What do I do? Her dogs are getting food, water and shelter.


----------



## Scarlett_O' (May 19, 2011)

UGH...what a DIFFICULT situation!! Im sorry I really dont have any advice for you....but I feel for you!! :frown: Its hard having people who you actually like be so far from correct!!:frown:


----------



## Unosmom (May 3, 2009)

thats a tough situation, I dont know if I'd call it abuse, but an ignorance based neglect for sure. It depends where you stand on the friendship, you could sit down and seriously talk to her about the welfare of the animals and urge her to at least get her dogs fixed (you can give her resources to low cost spay/neuter places). But it sounds like she has way too many animals and some should be rehomed for sure. I dont know what your position is in this relationship and whether she'll even take you seriously, is there someone in her family that has more of an influence on her (not saying that you dont), maybe someone who feels the same way and wants to help out. 
Also contact humane society and ask if they can help out in this situation, not necessarily to take the animals away from her, but maybe they can give you tips and ideas on how to educate her about this matter. 
Keep us updated, its really an unfortunate situation, animals are so wonderful and loving and they should not be subjected to such treatment, intentional or not.


----------



## SerenityFL (Sep 28, 2010)

Caty M said:


> Please be aware that she truly does love her animals. She is always so excited to go home and see them. I've tried nudging her in the right direction, but she's had dogs longer than I have, and she just kind of thinks I am a hippie raw feedin' dog owner.
> 
> I worked with her a long time ago but didn't really talk to her about animals much, I didn't have any dogs then. Bishop is my first dog and I've had him only a year! I recently saw her again and we've been hanging out a bit. I went to her house yesterday.. and was shocked. I originally didn't want to post this on here as I know people are so passionate about dogs. I just need some advice and you guys are probably the most knowledgeable dog people I know!
> 
> ...


When you say, 'everywhere' do you mean, literally, EVERYwhere? And do you mean, INSIDE the house? Because if so, that IS neglect. And if she has that many dogs in the house, she's looking like a hoarder which is very neglectful. (I don't mean 7 dogs, I mean 7 dogs plus all those puppies. That is ridiculous.)

Lots of hoarders LOVE their animals but there are so many that they cannot keep up and they end up living in filth and do not get enough one on one time to become well rounded dogs. One dog bites, one dog is terrified? No, this is not a good environment.
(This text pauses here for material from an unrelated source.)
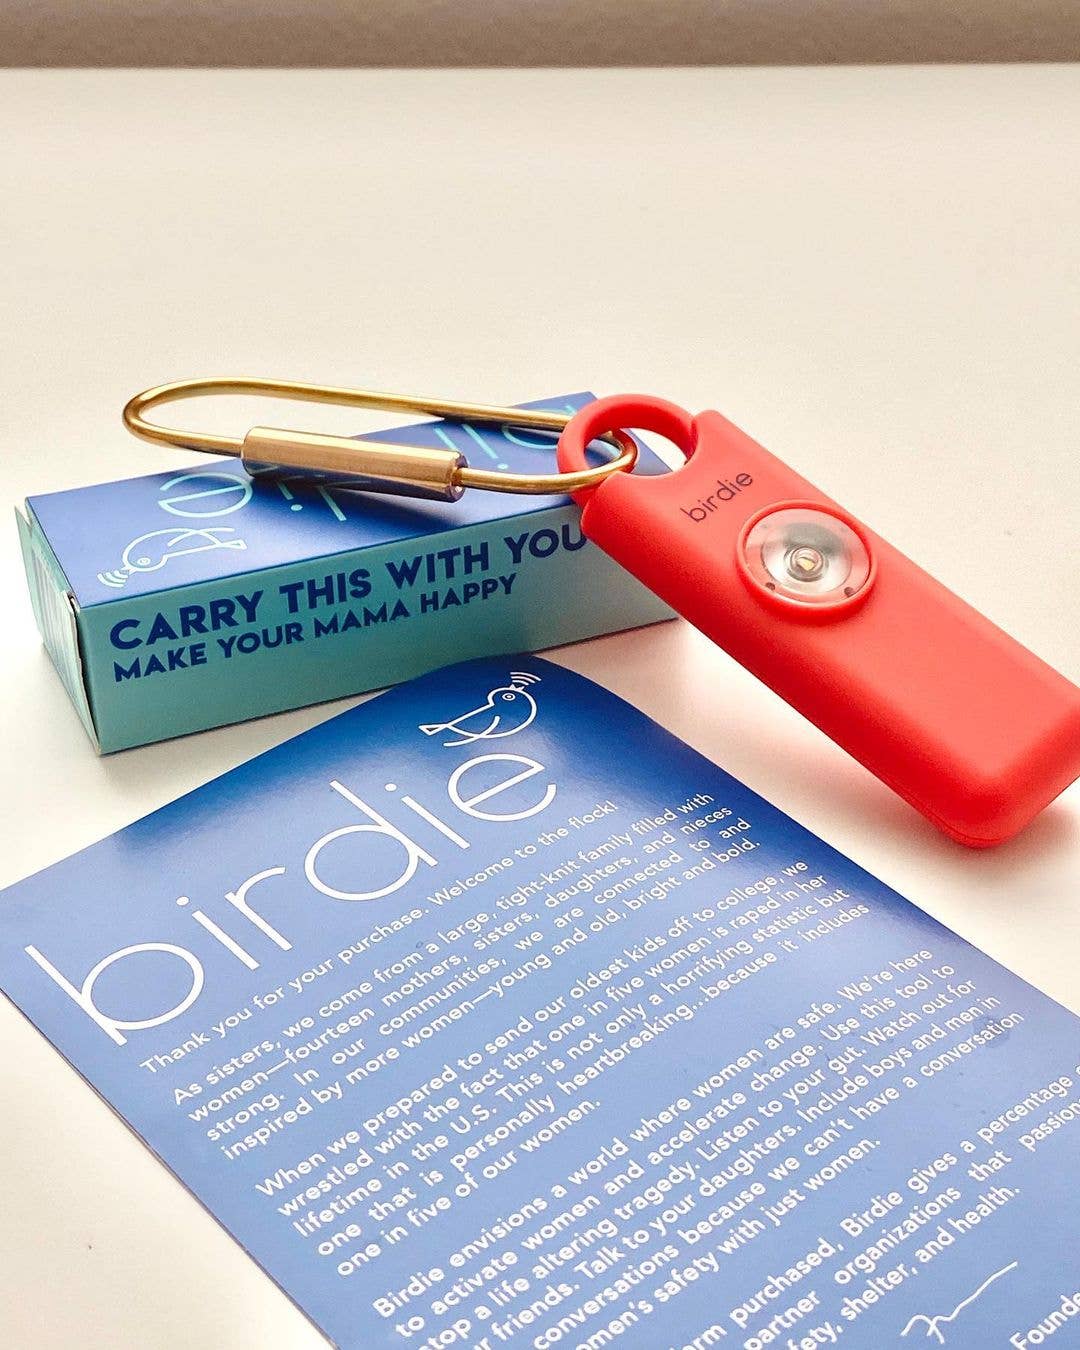 She's Birdie - She's Birdie Personal Safety Alarm: Single / Metallic Red

If you really do care about those dogs, you may have to make an anonymous phone call and she may lose some of those animals. It's not to hurt her, it's to HELP her and especially to help those dogs. She clearly has too many and they are living in filth. That is not acceptable.


----------



## CorgiPaws (Mar 31, 2009)

Ok, this is coming from someone who has had seven dogs, INSIDE the house... and someone who INTENDS to breed. 
That's a tough situation, and one that confronting the issue could do one of three things: 1) You could destroy a friendship, and nothing changes with the animals. 2) Nothing happens about the animals, but the friendship is not harmed. 3) She listens, takes heed to your advice, and changes are made. 
Having seven dogs in the house does NOT make someone a hoarder. Perhaps I am bias on that issue. Lol. Breeding your animals does NOT make you a hoarder. It is all about how the animals are kept, and how the breeding is gone about. 
About the poop- was it literally everywhere, INSIDE the house? If so, I do believe that legal action can be taken due to negligence and unsafe conditions. Having that many animals is a LOT of work to keep a house clean, but it certainly can be done, and if someone isn't willing to at least maintain SAFE conditions, they do not need 7 animals. My house is far from perfect, I keep my decor plain to make it easier to clean. I don't know how someone with a bunch of trinkets and such could maintain a house with so many animals!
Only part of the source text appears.